Capture d'écran d'ONFR+


J'aurais bien voulu assister au colloque «Stopper le déclin du français en Ontario? Les faits d'abord», ce 26 septembre, mais le site d'inscription m'avait informé, en anglais, que l'activité était sold out. J'ai vainement tenté d'appeler à l'Université d'Ottawa mais depuis la pandémie et le télétravail, les bureaux sont trop souvent vides et personne ne répond au téléphone... Parler à des humains au travail est devenu très difficile.


Présenté sous forme de table ronde, le colloque n'était pas enregistré. Il a fallu attendre les bulletins du soir ou les journaux du lendemain pour les comptes rendus médiatiques. Or ni Le Droit ni Radio-Canada n'en ont fait état! Du moins je n'ai rien vu ou entendu. Heureusement, le réseau ONFR+ (télé publique franco-ontarienne) avait délégué une journaliste et publié un long texte le lendemain, 27. Le Droit a repris cet article dans son édition du 28 septembre. Amendes honorables.


Je n'ai pas été surpris en prenant connaissance des explications proposées par les experts invités au colloque. Un portrait incomplet, mettant sur la table plusieurs pièces du casse-tête sans que l'on puisse pour autant saisir la totalité de l'image. Faible taux de natalité chez les Franco-Ontariens, diminution de la transmission du français d'une génération à l'autre, population vieillissante, faible immigration de langue française, sont tous des facteurs qui aident à comprendre le déclin de la francophonie ontarienne. Mais l'essentiel n'y est pas.

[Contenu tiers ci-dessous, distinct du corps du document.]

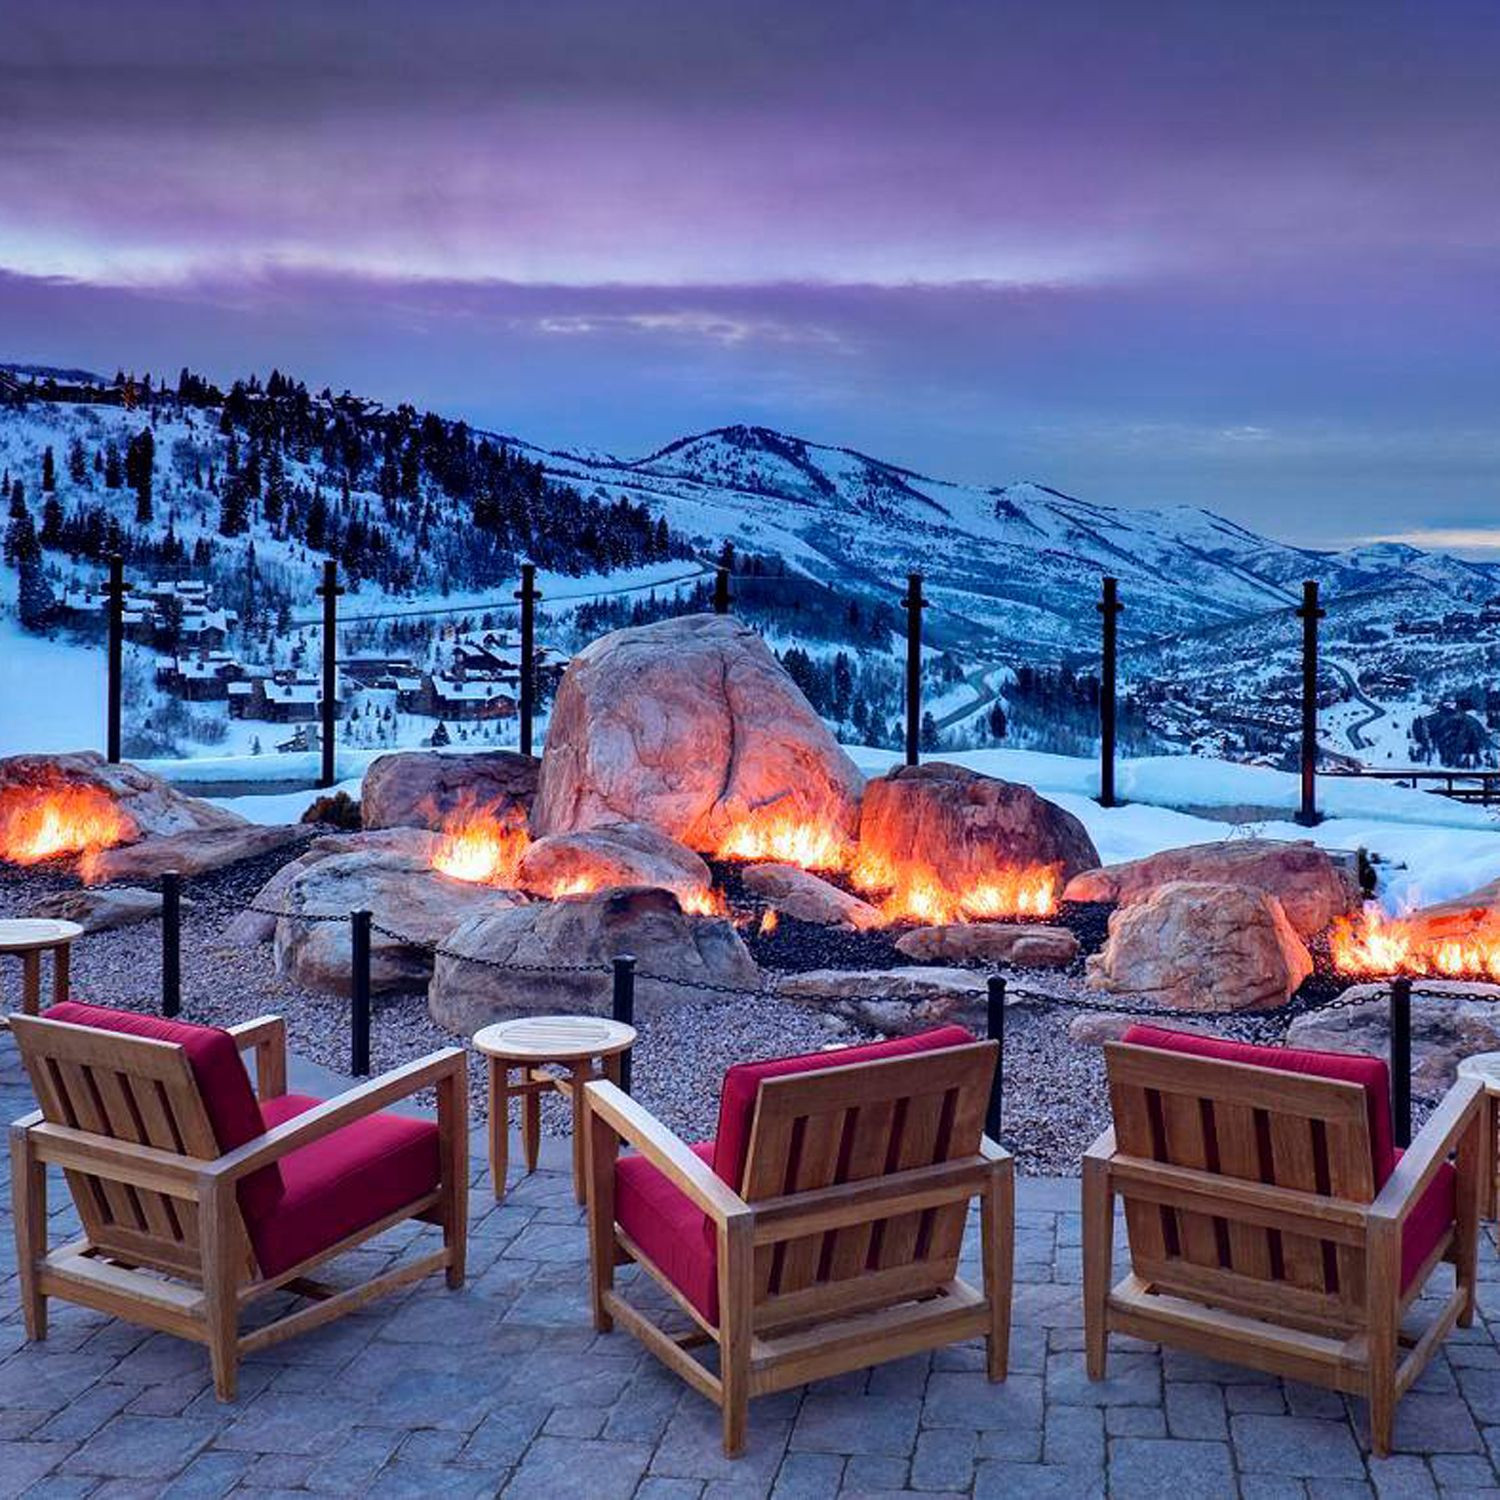 Winter Getaways Ideas
 The 8 Most Luxurious Mountain Resorts in America

Oui, bien sûr, depuis les années 1960, les francophones font moins d'enfants et cela, à la longue, augmente la proportion de vieux dans la société. Mais ce phénomène est tout aussi présent au sein des vieilles collectivités anglophones. Leur taux de natalité avait commencé à baisser bien avant que les franco-catholiques se convertissent au contrôle des naissances. L'exogamie - mariage ou union entre un(e) francophone et un(e) anglophone - constitue désormais un facteur bien plus important que la sous-fécondité en matière d'assimilation. Et ça, à Statistique Canada, on le sait. Ses statisticiens l'ont documenté.


La faiblesse de l'immigration francophone en Ontario est invoquée de plus en plus pour expliquer le déclin du français en milieu minoritaire. Autant les Franco-Ontariens que l'ensemble de la francophonie hors-Québec semblent y voir leur planche de salut. Si les immigrants de langue française allaient s'installer à Hawkesbury, Kapuskasing ou Hearst, où la majorité est francophone, cela aiderait sûrement. Mais non, ils afflueront vers les centres urbains, tous à forte majorité anglophone, où ils s'angliciseront au même rythme que les Franco-Ontariens. La première génération parlera français, la seconde parlera bilingue, et la troisième sera anglaise...


Non, ce qui manquait à ces experts, politologues, sociologues, statisticiens, administrateurs,  c'est le vécu historique des Franco-Ontariens. Au colloque de l'Université d'Ottawa, il n'y avait pas d'historien. Il n'y avait pas non plus de vieux de 70 ans et plus parmi les conférenciers. Aucun d'entre eux n'aurait pu se souvenir du temps où, dans la Basse-Ville d'Ottawa, le Moulin à fleur de Sudbury, dans le Frenchtown de Welland ou le quartier franco-ontarien de Cornwall, la langue de la rue était le français. Dans ces villes à majorité anglophone, on retrouvait des territoires bien délimités où la langue commune, la langue d'intégration, la langue de la rue était le français. Et plus de 40% des Franco-Ontariens demeuraient dans ces quatre centres urbains.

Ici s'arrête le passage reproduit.